Pendant la bataille, combattant un Nightgaunt, Sandy se fit blesser, elle s’écroula au sol. Des cultistes vinrent la capturer, elle était leur chef, ils ne voulaient pas la tuer trop vite.

Sous ses yeux, impuissante, elle vit Antonio se faire étriper par une de ces créatures, puis ce fut le tour de Sara, torturée par deux autres cultistes. Finalement, ses bourreaux s’en prirent à elle : ils lui arrachèrent un œil et la regardèrent agoniser au sol en la ruant de coups.
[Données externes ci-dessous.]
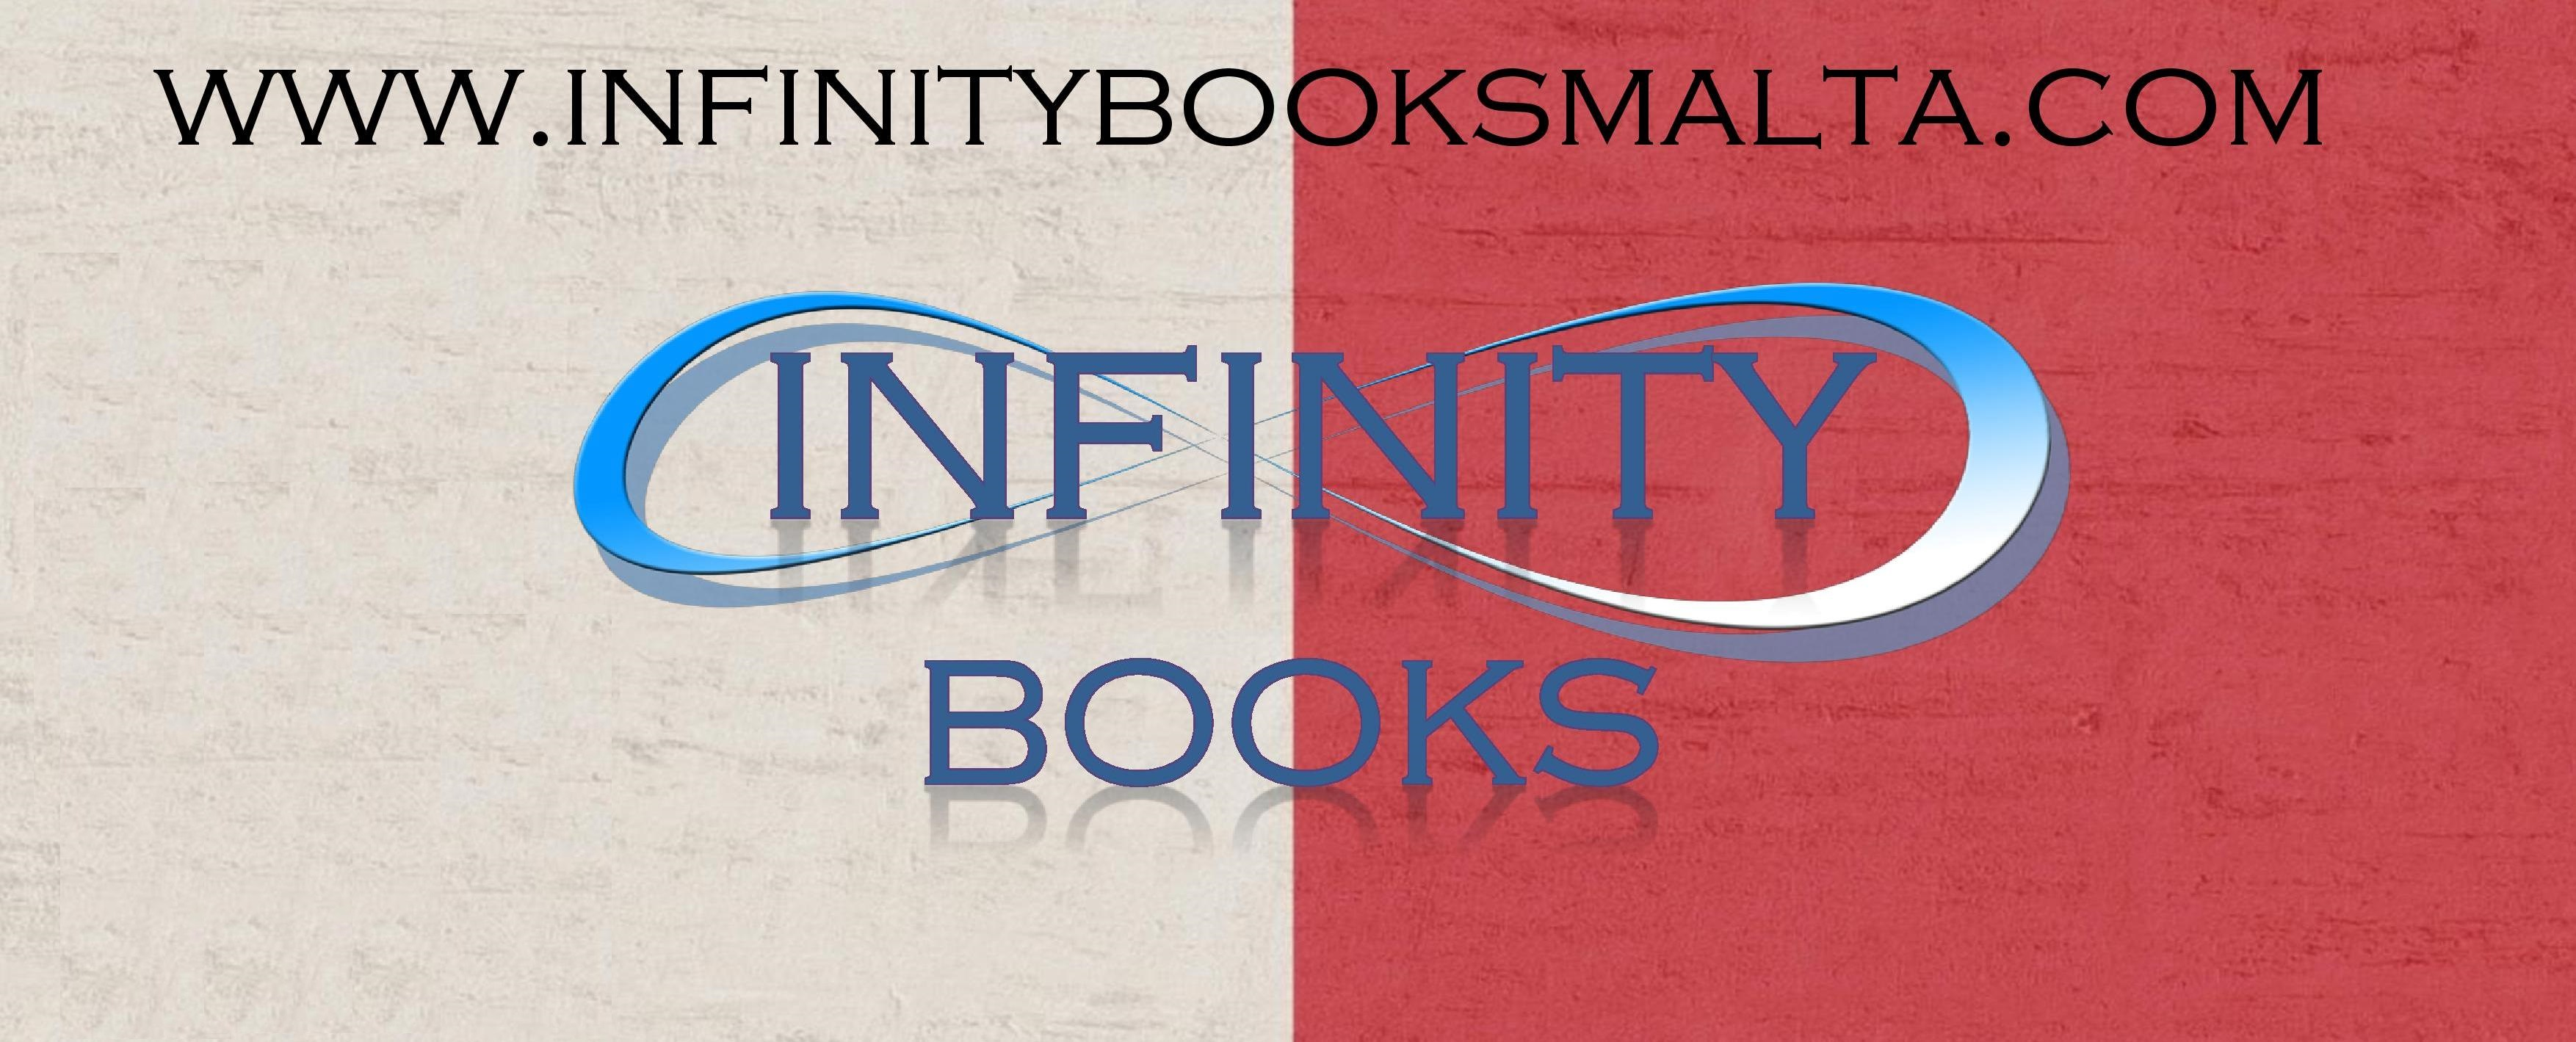 www.infinitybooksmalta.com

Sandy ne se pardonnerait jamais ce massacre. Si elle n’avait pas mêler le gang à ses affaires personnelles, tout cela ne serait jamais arrivé. Puis, elle avait clairement sous-estimer leur ennemi.
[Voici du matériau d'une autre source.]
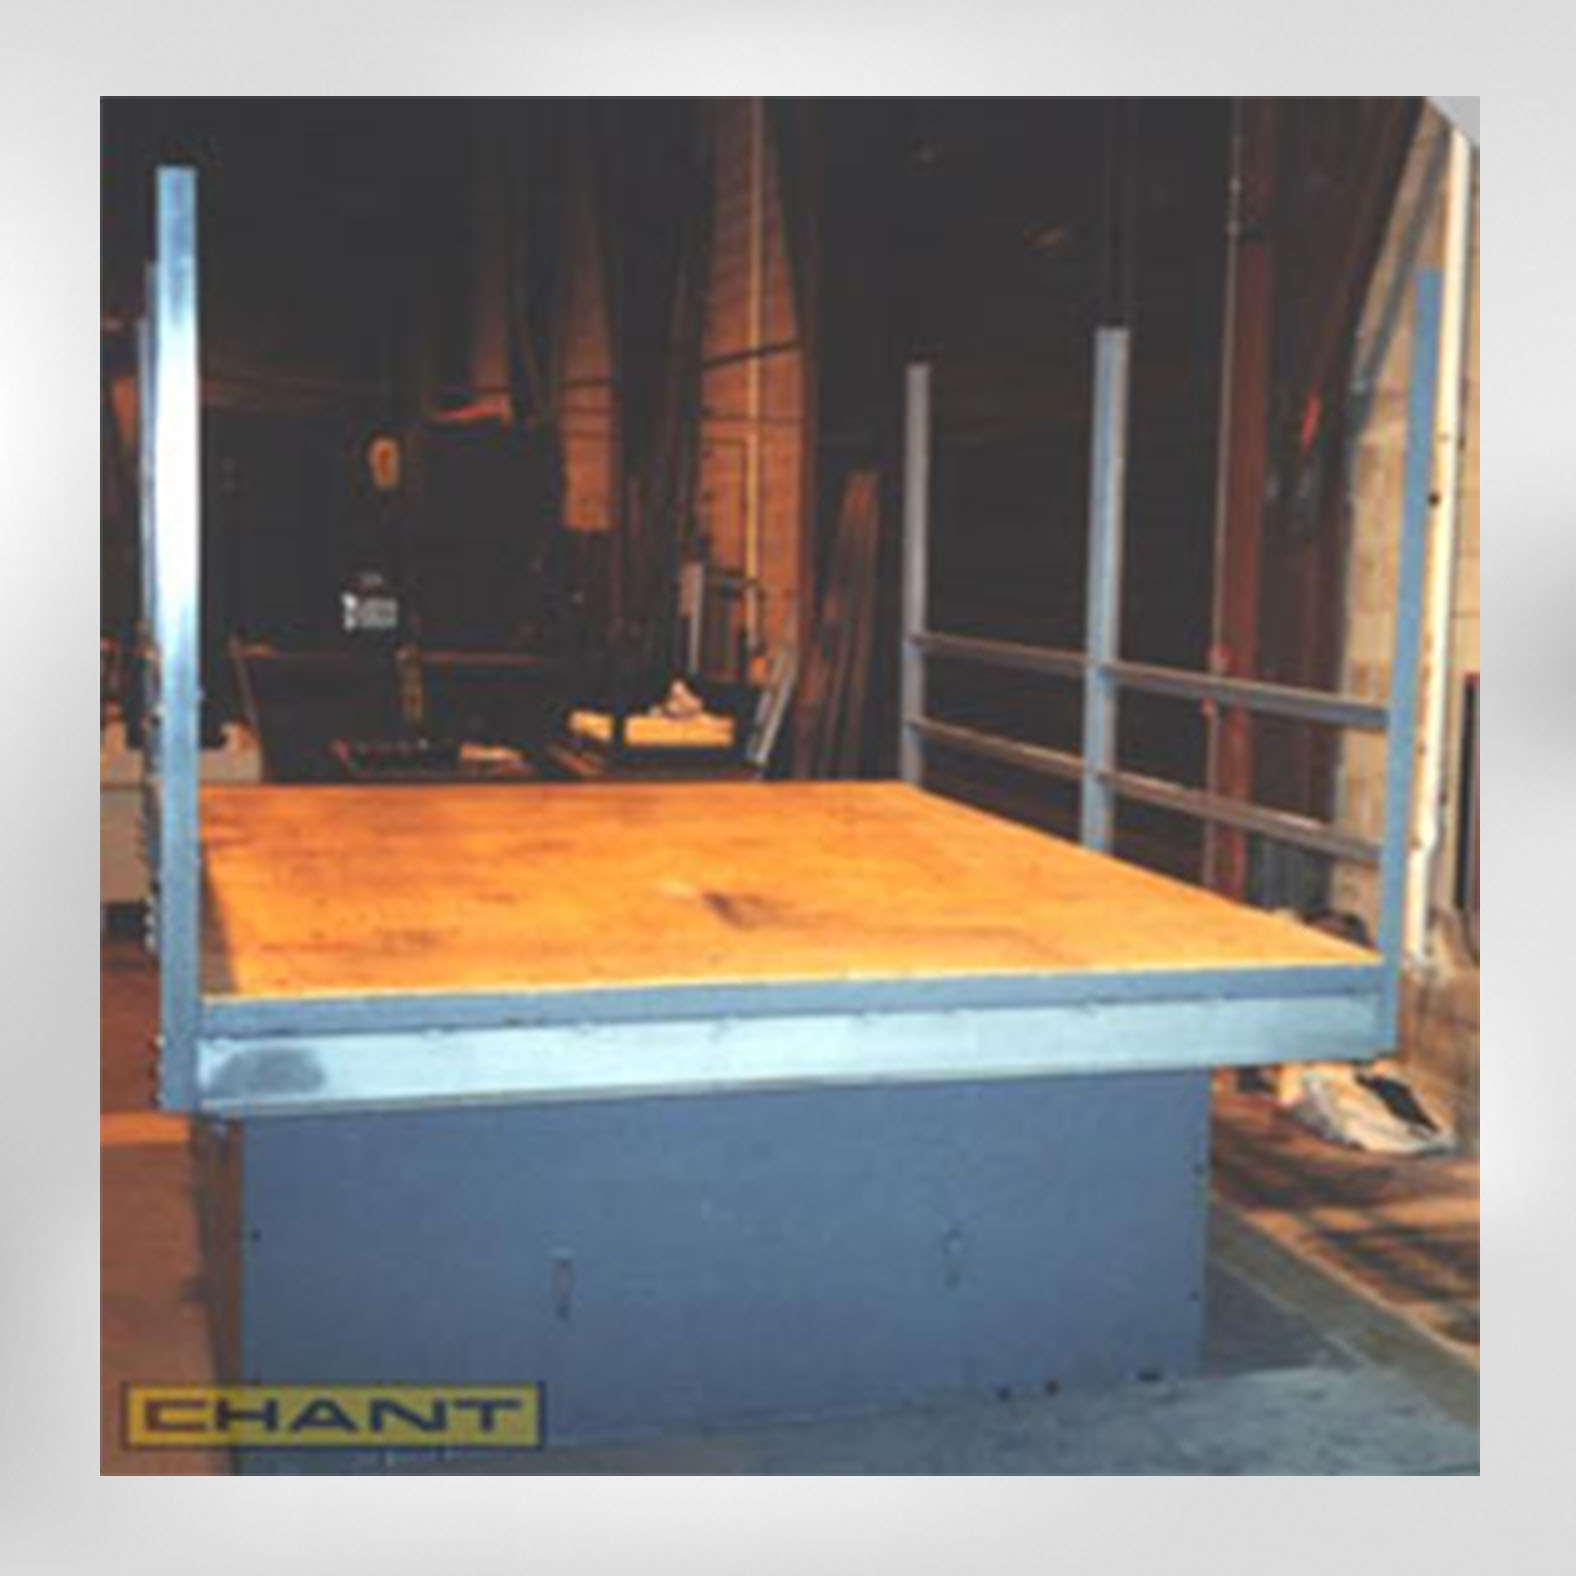 8760 Transportation Shaker Table Simulator

Que pouvaient des humains face à des corrompus ayant vendu leur âme aux Anciens ?

Au sein de sa douleur, elle repensa à John. Elle se rendit compte à quel point il était mille fois un meilleur chef qu’elle ne l’avait été. Il avait du sang-froid et, même lorsqu’ils étaient tombé dans leur premier piège, il avait su prendre les choses en main et organiser la retraite.

Elle avait complètement échoué. Elle ne pouvait revenir en arrière, il était déjà trop tard. La bataille était perdu. En fait, ce n’était même pas une bataille, juste une hécatombe : les cadavres gisaient partout et ceux qui n’étaient pas encore morts souffraient des tortures de leurs ennemis.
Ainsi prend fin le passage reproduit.